--- AVAILABLE RECORDS Enclosed Below ---

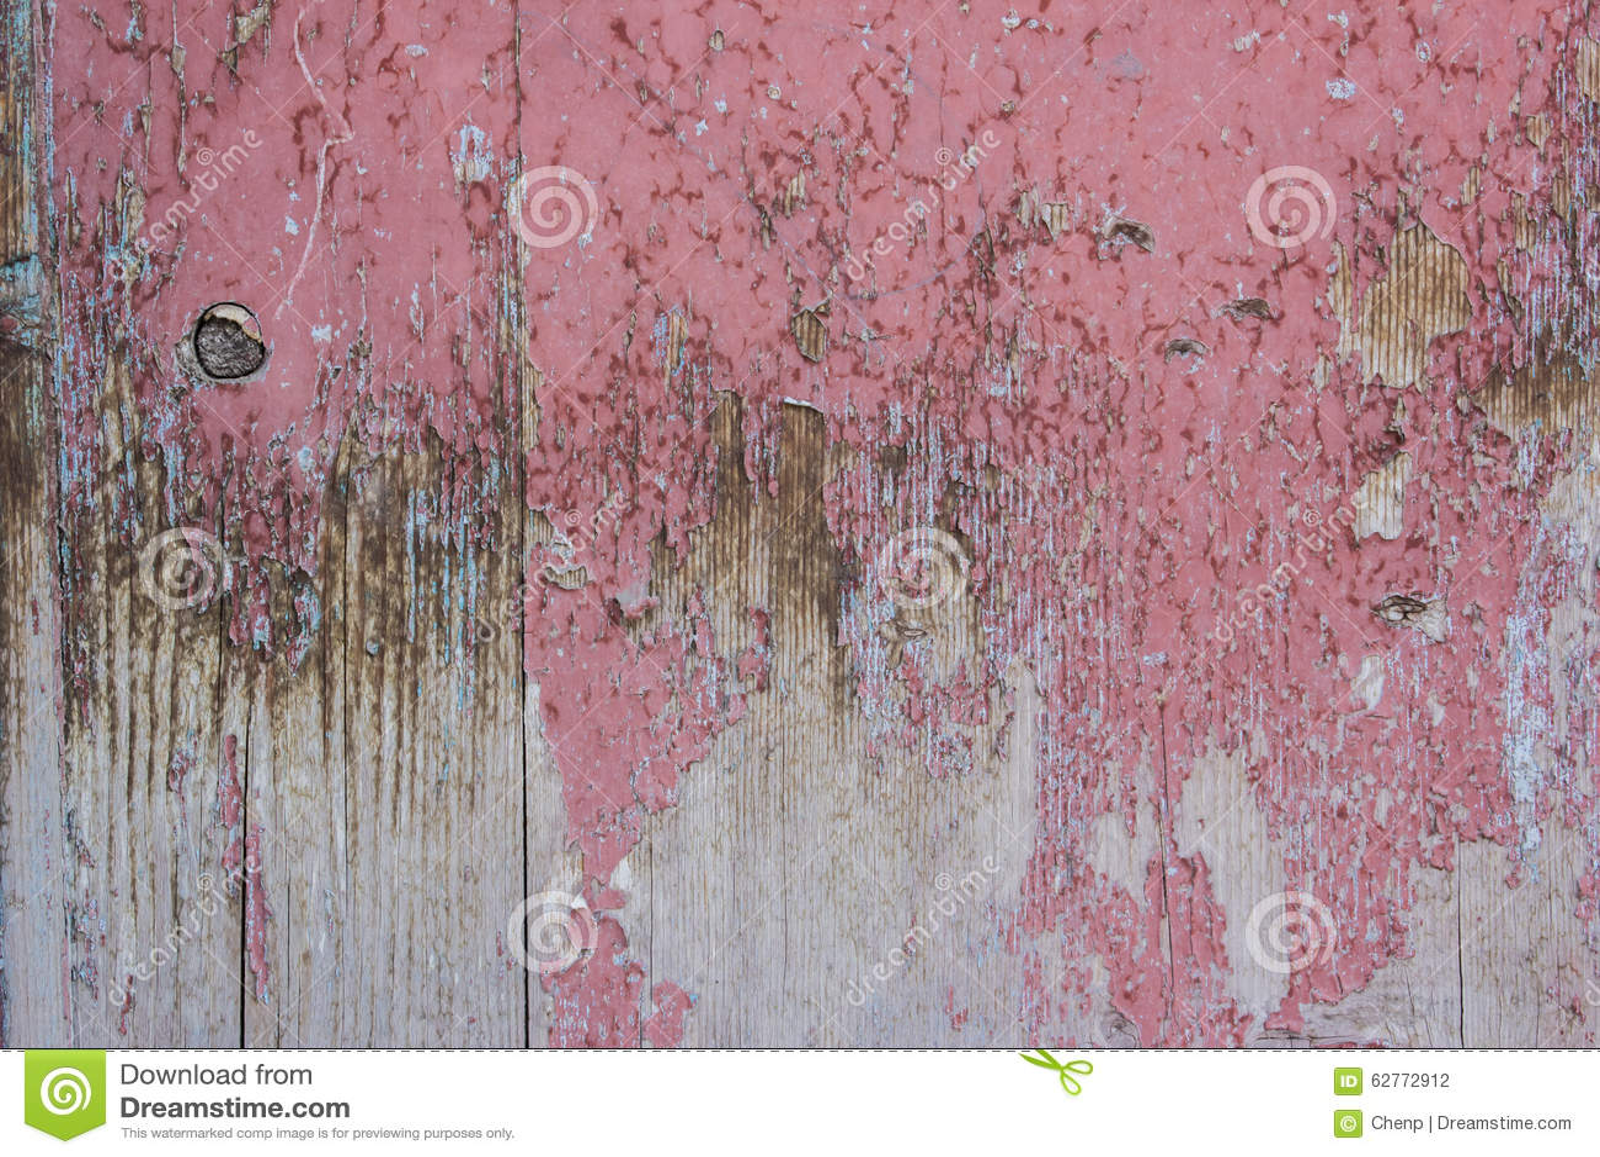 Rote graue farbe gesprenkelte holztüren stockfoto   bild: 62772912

--- End of Enclosed AVAILABLE RECORDS ---
--- AVAILABLE RECORDS Enclosed Below ---

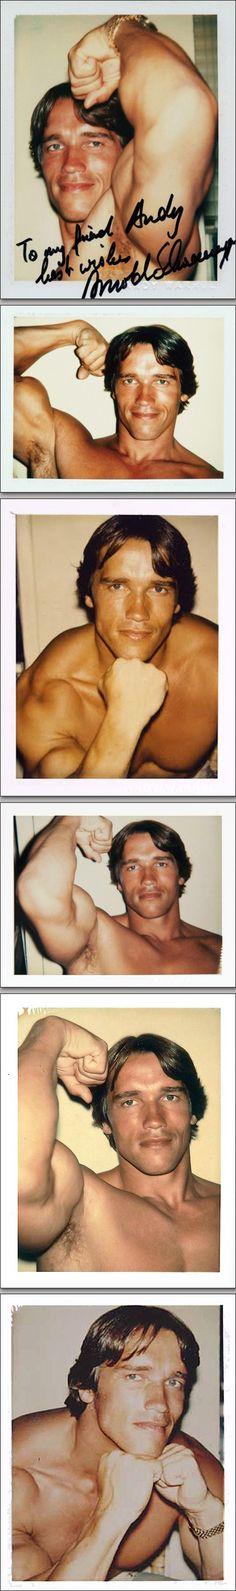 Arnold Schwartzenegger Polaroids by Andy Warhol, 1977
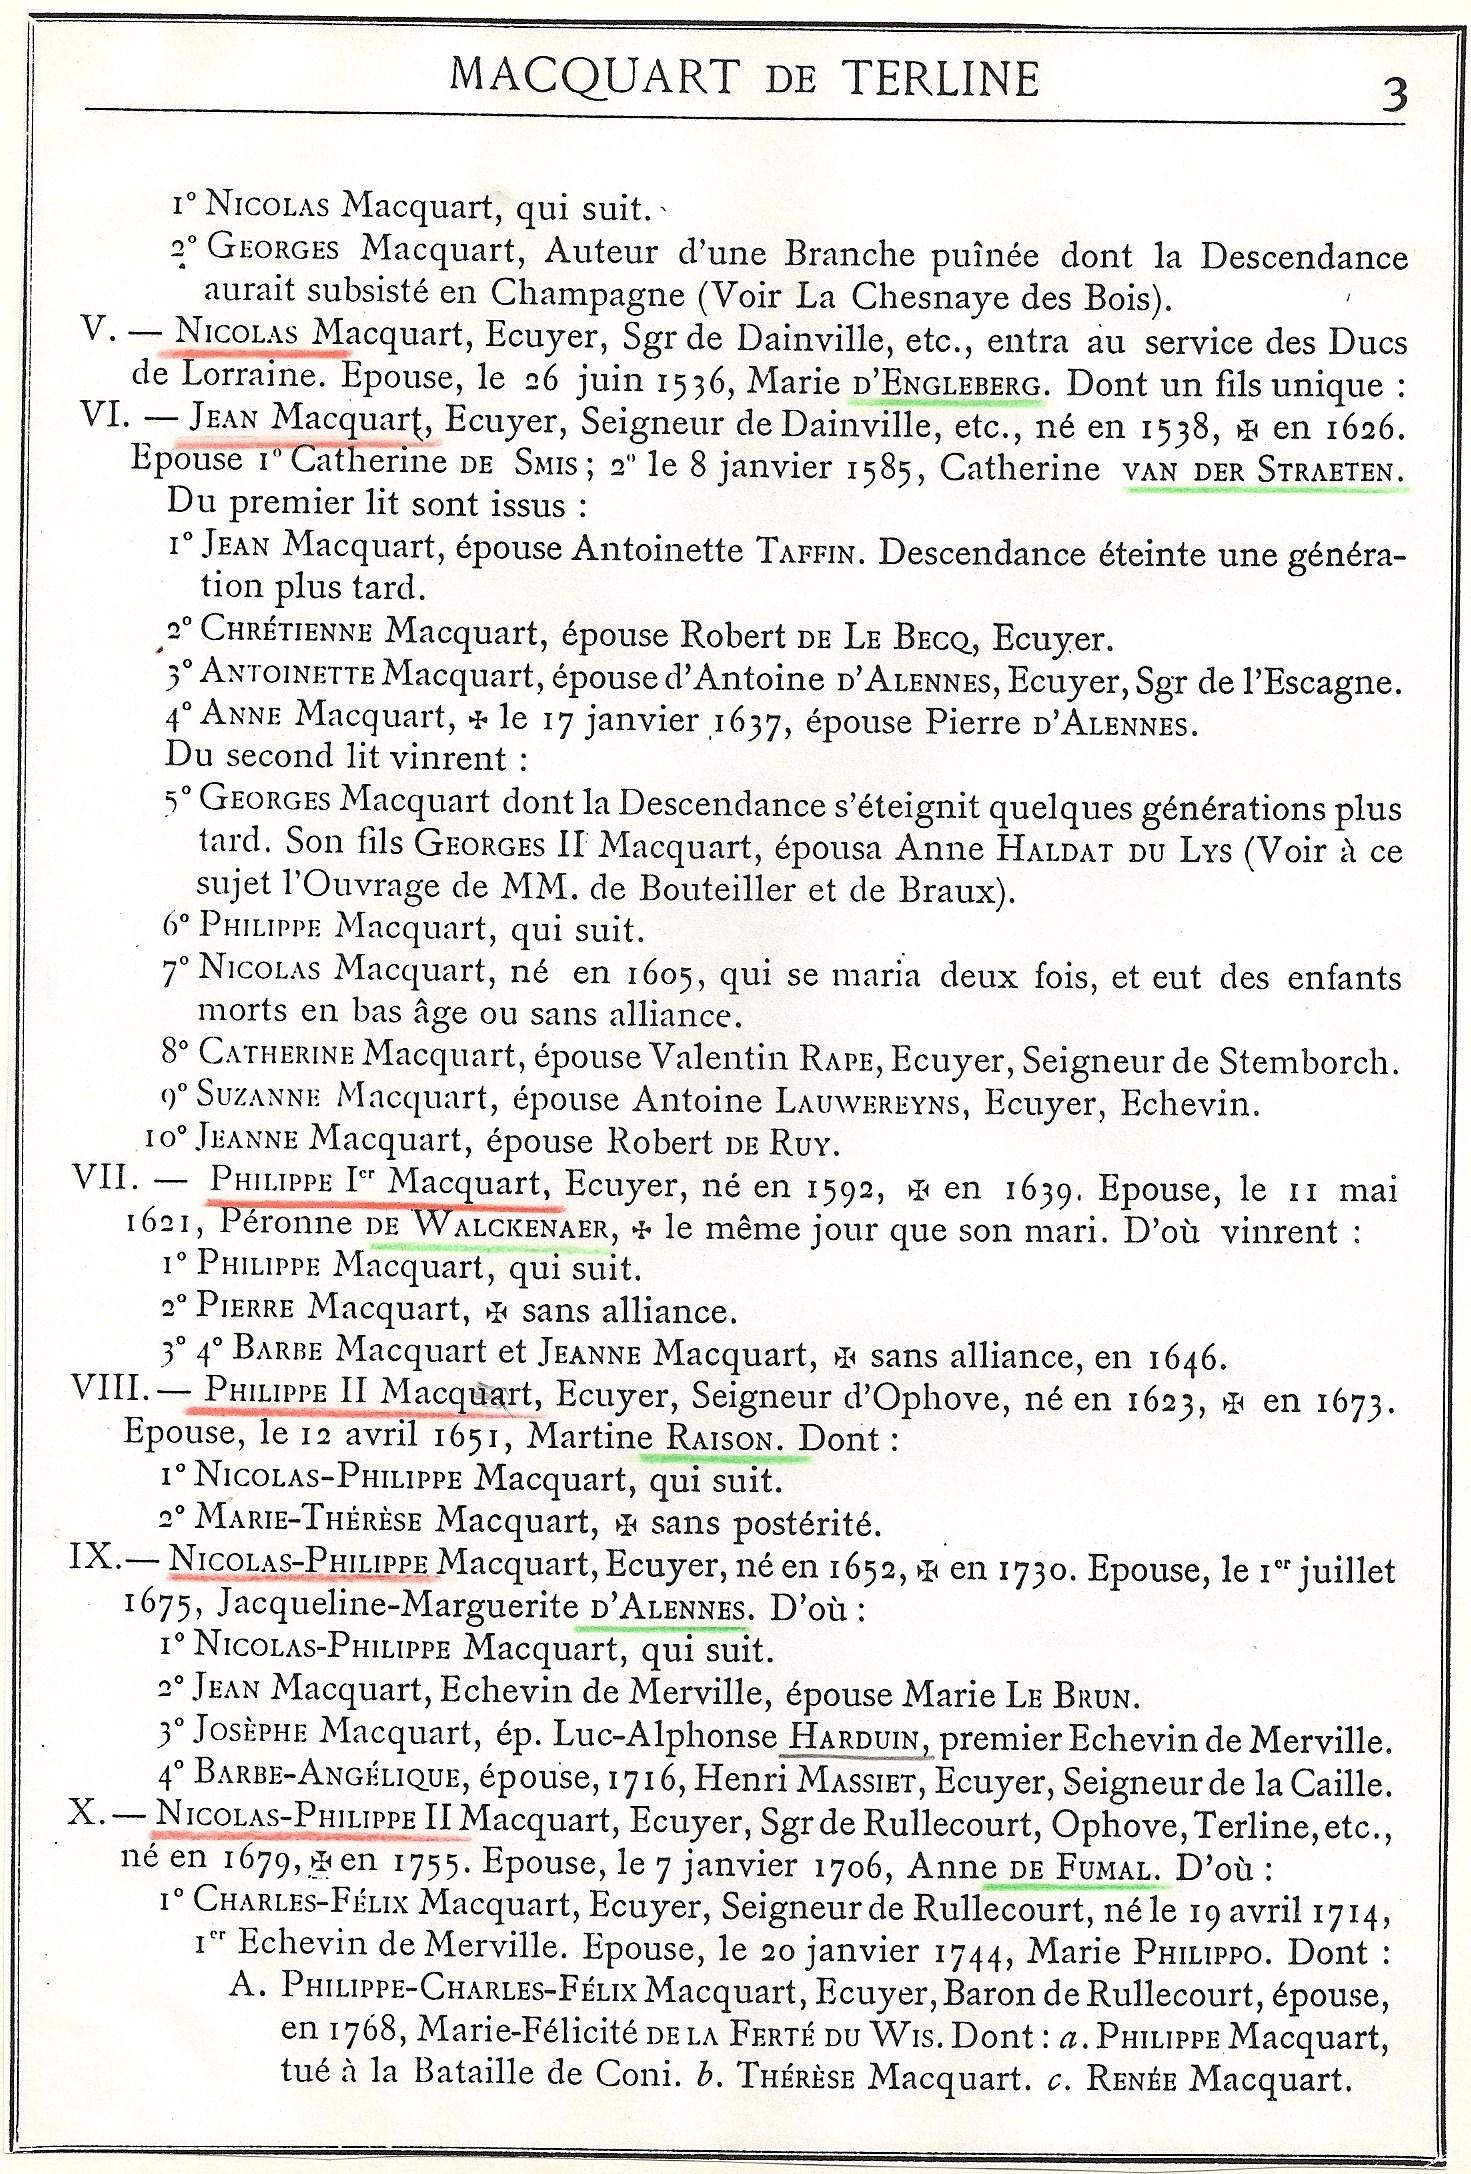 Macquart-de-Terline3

--- End of Enclosed AVAILABLE RECORDS ---

YOUR ASSIGNMENT -> Using the material above, transcribe exactly the lines from the one holding "Arnold Schwartzenegger Polaroids" to the one holding "Macquart-de-Terline3", both ends kept. Do not carry over any pictures.

WRITTEN RESPONSE ->
 Arnold Schwartzenegger Polaroids by Andy Warhol, 1977
 Macquart-de-Terline3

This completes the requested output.